Jorge Suárez

Personal information
- Full name: Jorge Suárez Landaverde
- Date of birth: 17 April 1945
- Place of birth: Metapán, El Salvador
- Date of death: 12 January 1997 (aged 51)
- Place of death: El Salvador
- Position: Goalkeeper

Youth career
- Atlético Fuentes

Senior career*
- Years: Team / Apps / (Gls)
- 1962–1966: Isidro Menéndez
- 1966–1970: Sonsonate
- 1970–1971: Atlante
- 1971–1973: FAS
- 1974: Indiana Tigers
- 1974: San Miguel
- 1974–1975: FAS
- 1975–1978: Once Municipal
- 1978–1979: Águila
- 1979–1981: Xelajú MC
- 1981–1982: Once Lobos
- 1984–1986: CESSA

International career
- El Salvador

Managerial career
- 1987–1989: Isidro Metapán

= Jorge Suárez (footballer) =

Salvadoran footballer (1945–1997)

This is about the football player. For the Puerto Rican politician, see Jorge Suárez Cáceres.

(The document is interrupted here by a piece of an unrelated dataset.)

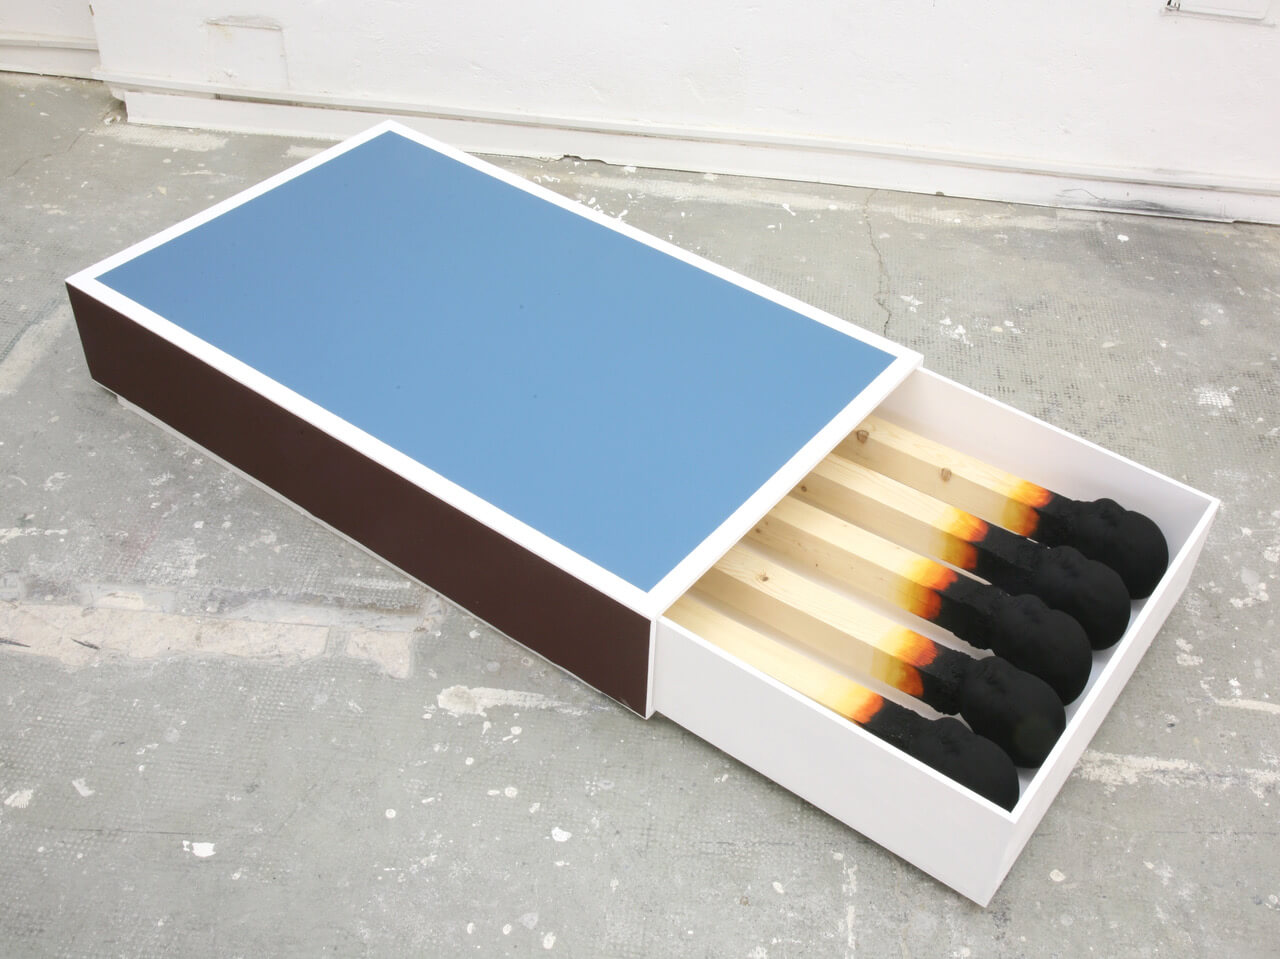 Galerie Benjamin Eck München wood, poyurethane, paint

Jorge Suárez Landaverde (17 April 1945 - 12 January 1997) was a Salvadoran footballer who played as a goalkeeper.

==Club career==
Nicknamed El Calero, he is considered to be one of the best goalkeepers El Salvador has ever produced.

He played for several clubs in El Salvador and made his debut at the highest level with FAS in 1972.

The Estadio Jorge Calero Suárez was named after him on 27 September 1996, just three months prior to his death, to cancer.